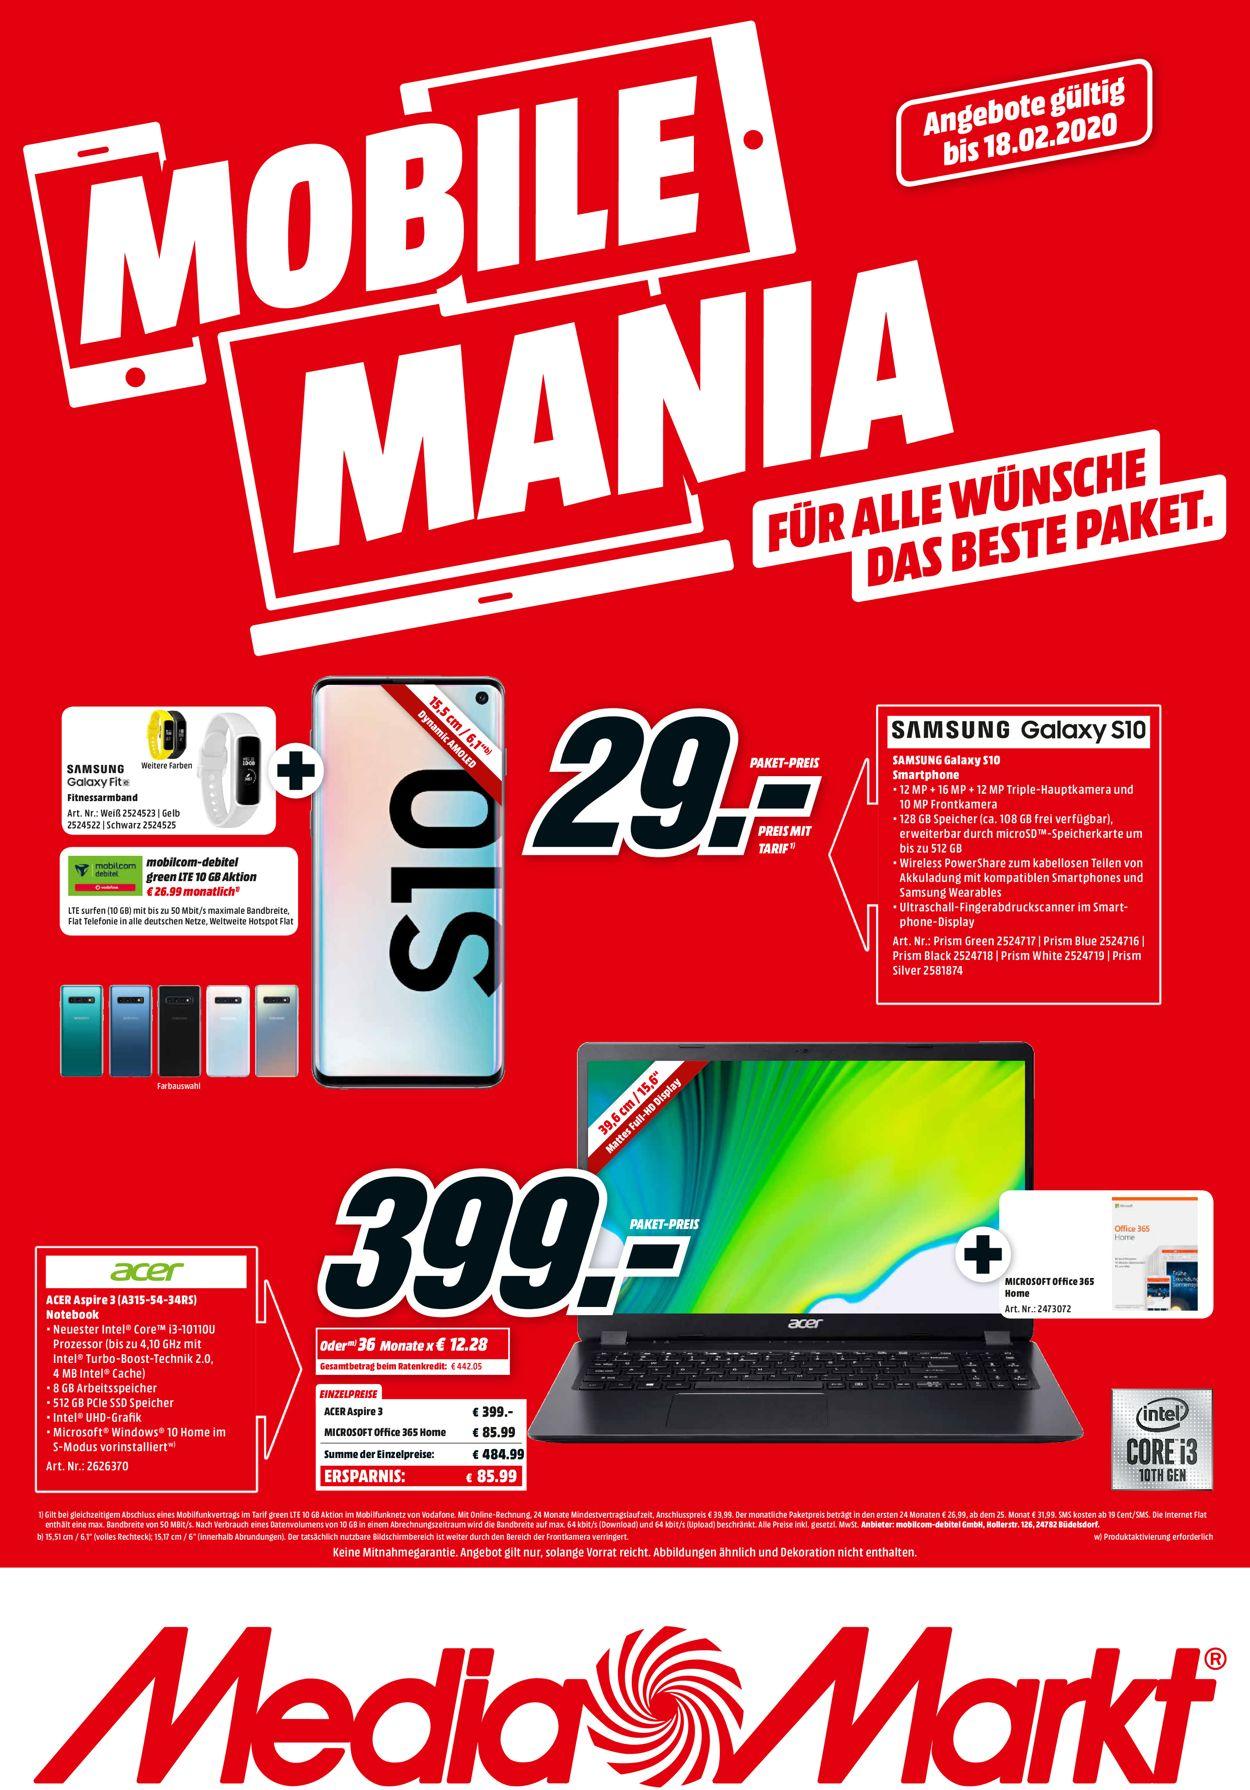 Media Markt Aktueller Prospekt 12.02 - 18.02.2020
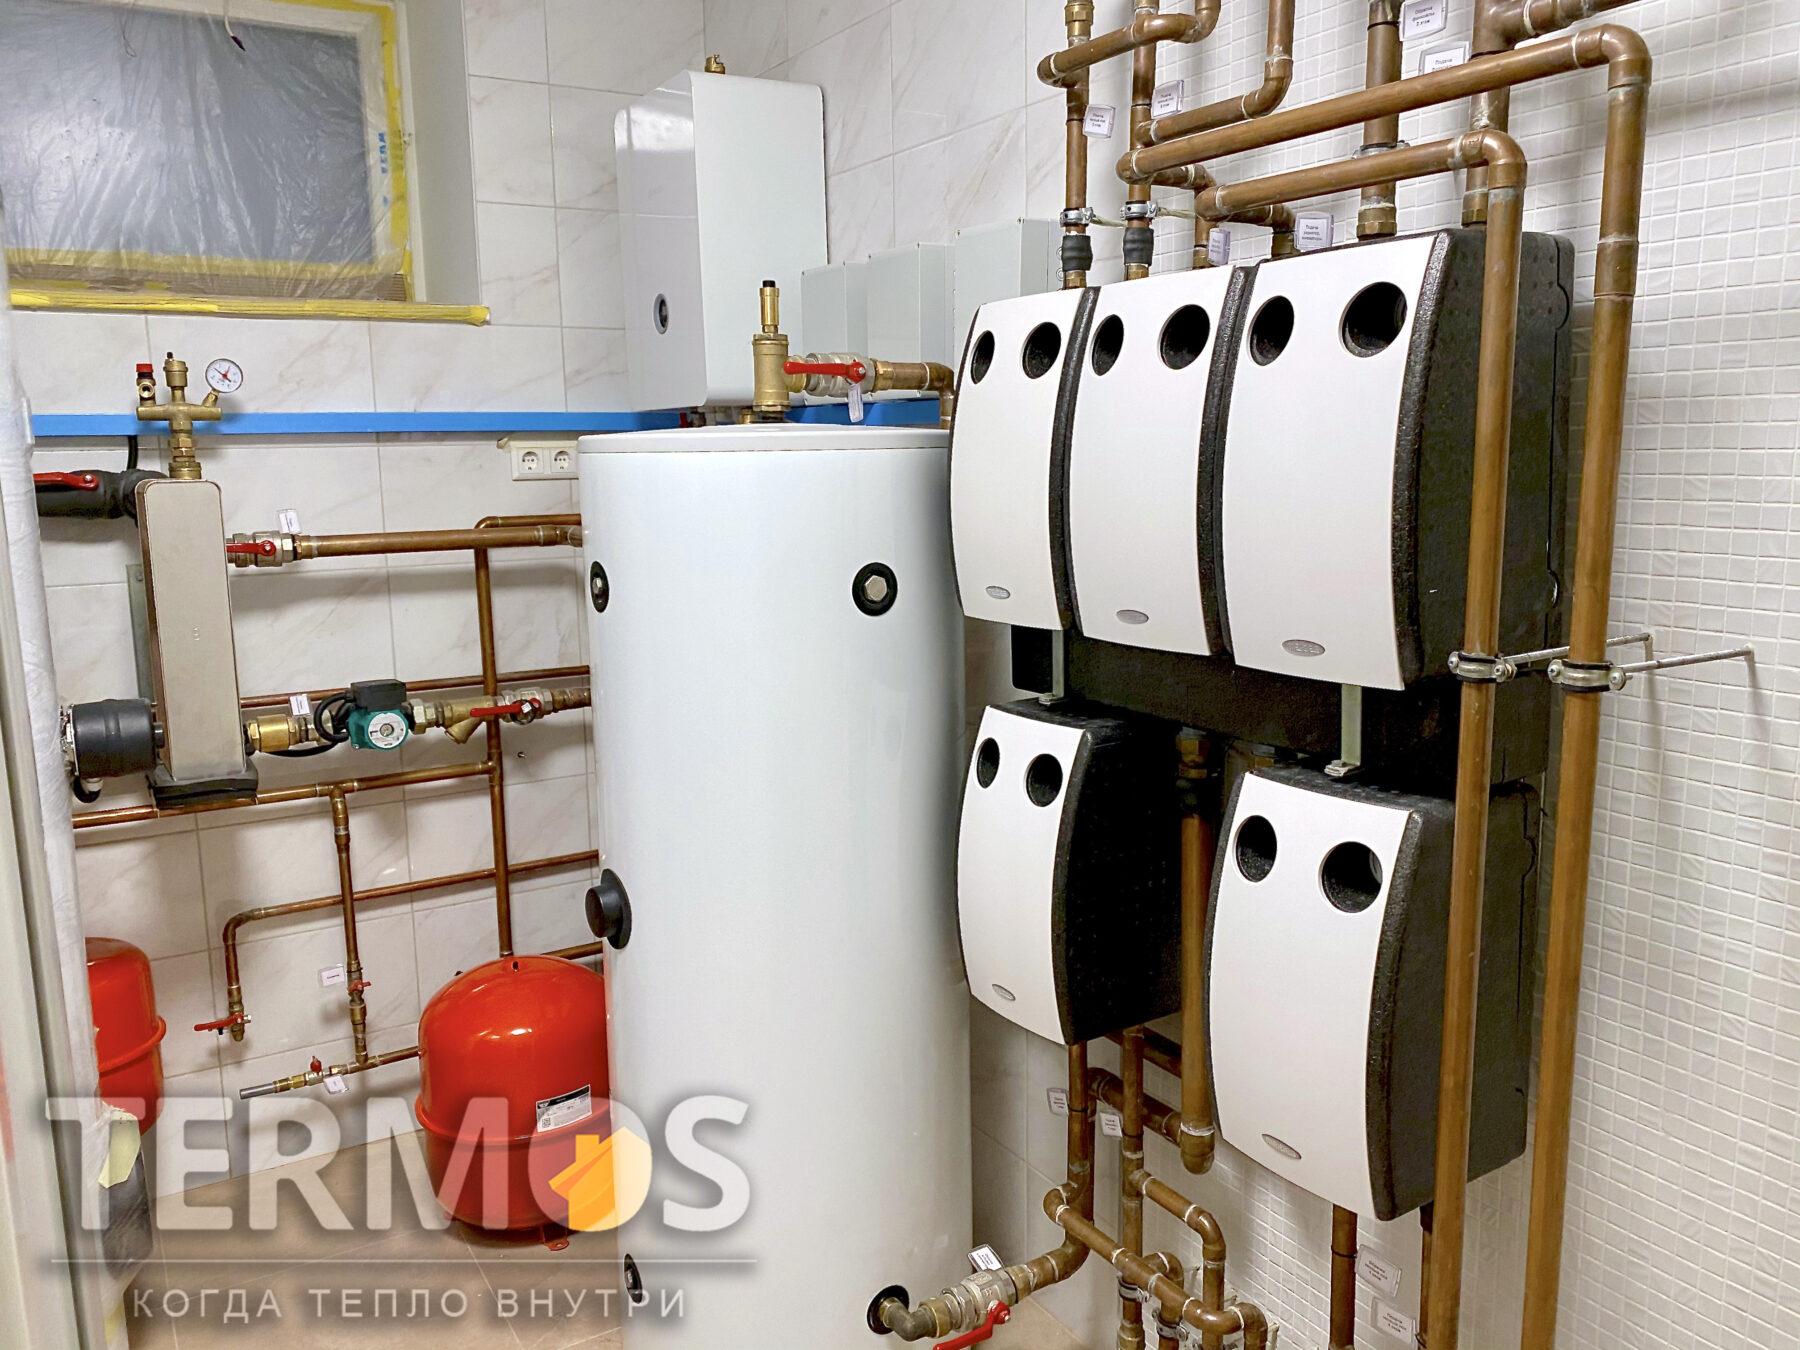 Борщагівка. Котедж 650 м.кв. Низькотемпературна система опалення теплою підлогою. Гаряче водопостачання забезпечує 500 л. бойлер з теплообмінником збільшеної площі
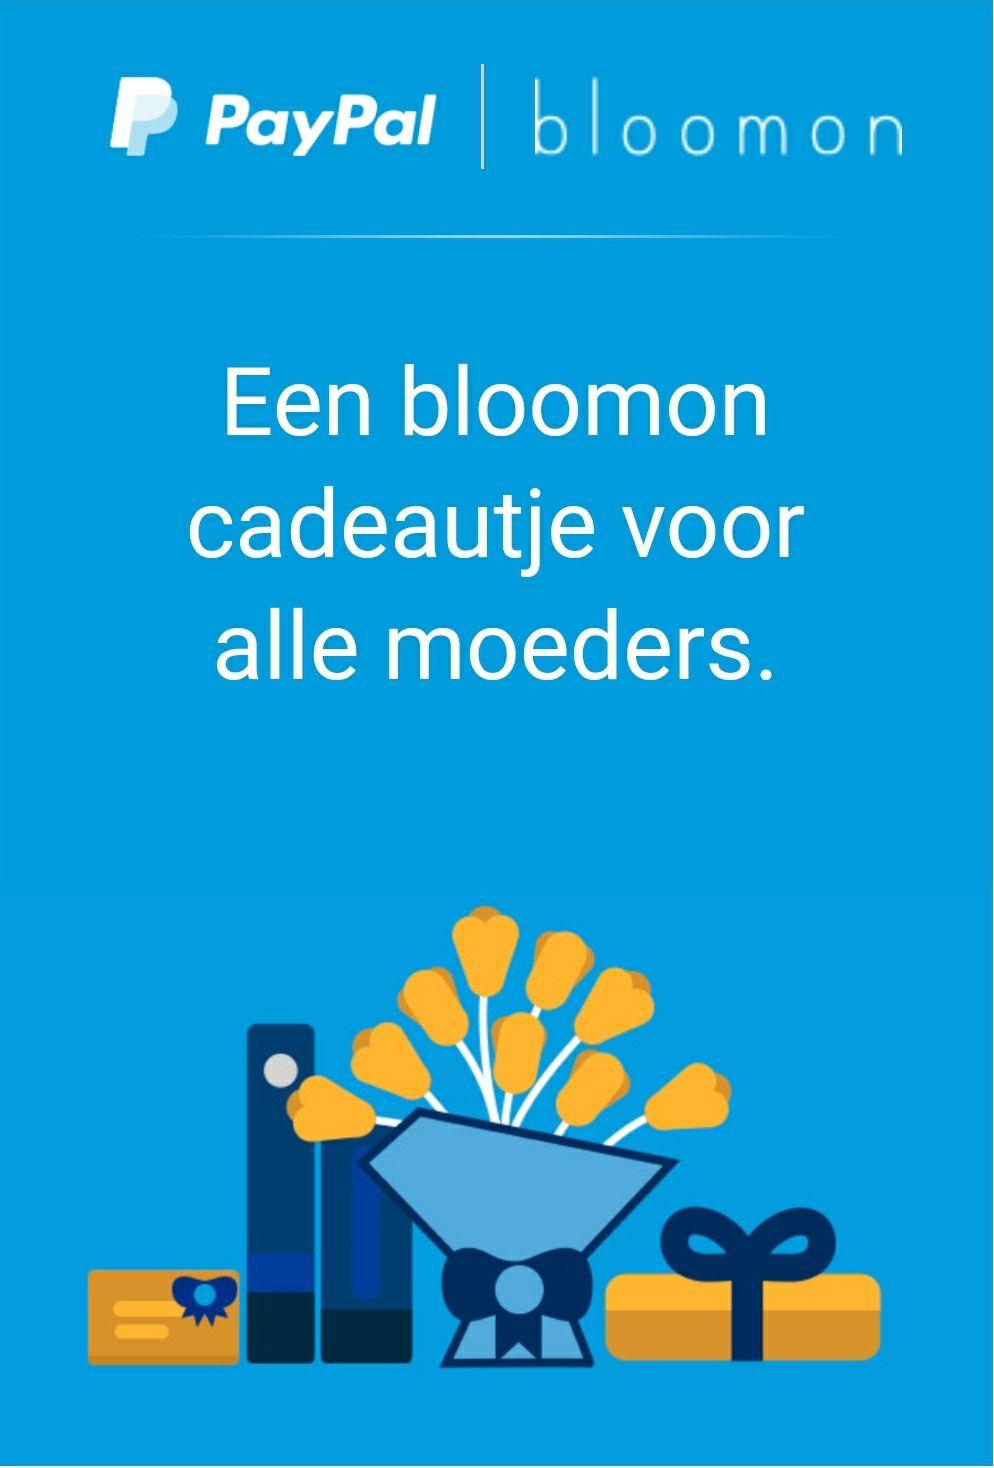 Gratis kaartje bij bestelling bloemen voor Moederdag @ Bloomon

# Instructions to follow
Write the material out again exactly. Do not include the pictures.

# The completed task
 Media Markt Aktueller Prospekt 12.02 - 18.02.2020
 Борщагівка. Котедж 650 м.кв. Низькотемпературна система опалення теплою підлогою. Гаряче водопостачання забезпечує 500 л. бойлер з теплообмінником збільшеної площі
 Gratis kaartje bij bestelling bloemen voor Moederdag @ Bloomon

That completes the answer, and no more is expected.